When you receive an invite for something that starts at a particular time – in this case, a question and answer session with members of the production team from the radio adaptation of Neil Gaiman’s brilliant Neverwhere – there’s an implicit pressure to make sure you’re there on time. It’s almost as though the what you’re attending is an event with a wholly immovable deadline; the real life equivalent of watching the likes the Six O’Clock News or an edition of Great British Bake Off without the indulgence of a PVR to record the beginning in case you miss it. “Skip the coffee, be sure you’re there for the beginning of the Q&A”, is what I told myself. I made off in the direction of the stairs the concierge helpfully pointed to, “it’s down there,” he smiled. Clearly a number of others had arrived in a similarly panicked state before me.

Radio 4 Neverwhere Press Launch

Once located, the basement theatre of the Soho Hotel where this special ‘screening’ of Gaiman’s  popular comic book-esque drama about a subterranean London made total sense. As the lights dimmed and a clip from episode one boomed out from the speakers, so the episode title was projected onto the screen: “London Below … “ This wasn’t just a press launch, this was quickly feeling like a carefully selected pseudo site-specific broadcast.

It is the oddest way to listen to radio.

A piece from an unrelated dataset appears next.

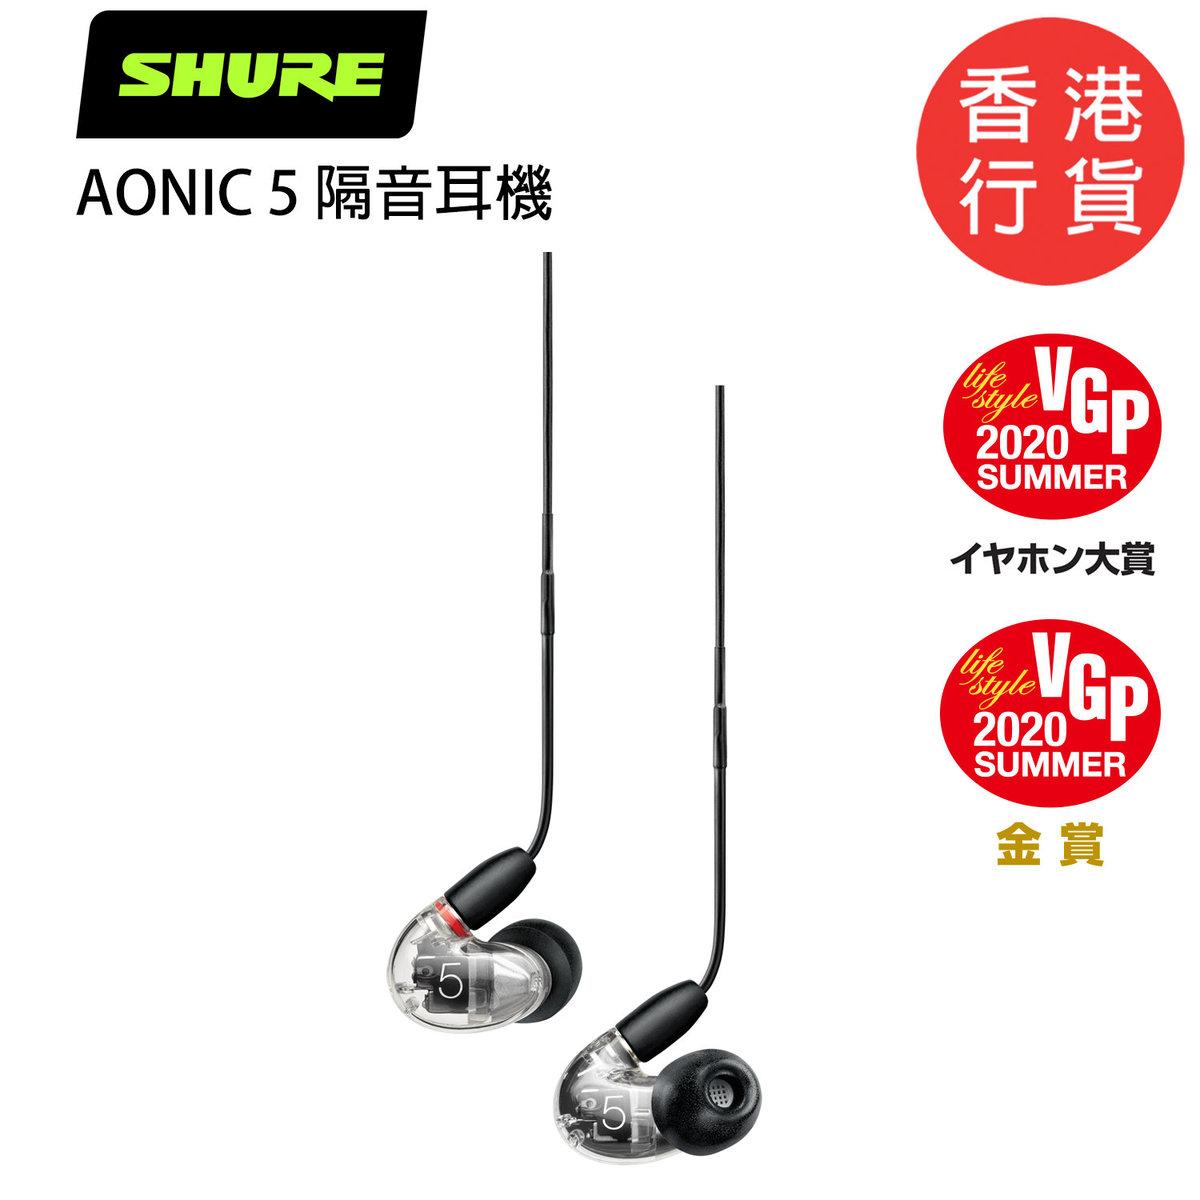 AONIC 5 專業隔音耳機 - 透明

I don’t remember the last time I’ve sat in a darkened room with fifty-odd other people staring at the grey outlines of the cast who feature in the radio drama I’m listening to. It’s the anti-thesis to the variety of different ways we all consume radio whether its listening while ironing (director Dirk Maggs and actor Natalie Dormer’s preferred method), listening in the car (writer Neil Gaiman later explained that the acid-test for any good radio drama was whether it prompted the listener to remain in the car with the engine running until the end of the episode) or listening while we cook. Such events as this morning’s press launch turn radio into something approaching a cinema premiere. A buzz emerges from the audience: people applaud at gracious introductions, laugh heartily when treasured actors like Bernard Cribbins crack a joke or hang off the words of the heroes sat in front of them. It’s all .. very pleasant really, a bit of an indulgence and most important all, elevates the previously unfamiliar into something un-missable.

Neil Gaiman

Gaiman’s popular adventure into the depths of London Below – first written for BBC TV in the 1990s and now in its third incarnation in radio drama format – is perfect for radio. As character Richard Mayhew descends into the subterranean world, so we follow into our imagination. And sound engineers love imagination. Dirk Maggs (director) described the challenge he faced in condensing two pages of dialogue describing Knights Bridge into 30-odd seconds of music, attempting to visualise what was in his head for someone who was listening. No mean feat but a creative opportunity no sound engineer would want to miss out on: demanding more than just a dull cross-fade into the following scene. Little wonder Maggs described the finished 3 hour radio production earlier today as an ‘audio movie’.

Scheduling the episodic dramatisation across two networks is unusual. Radio 4 will broadcast the first 60 minute episode, Radio 4 Extra episodes 2-6. Do we take our two networks of speech and drama output for granted? Possibly. At the very least, we forget that not every country across the world has it, something Neil Gaiman touched on during the Q&A session. Describing the emerging fascination with Radio 4 and Radio 4 Extra amongst outside of the UK, Gaiman said, “they’re asking me in the States, ‘I know this Radio 4 is happening, but how do I listen?’” adding, “They’re coming to Radio 4 because they’re baffled such a thing actually exists.’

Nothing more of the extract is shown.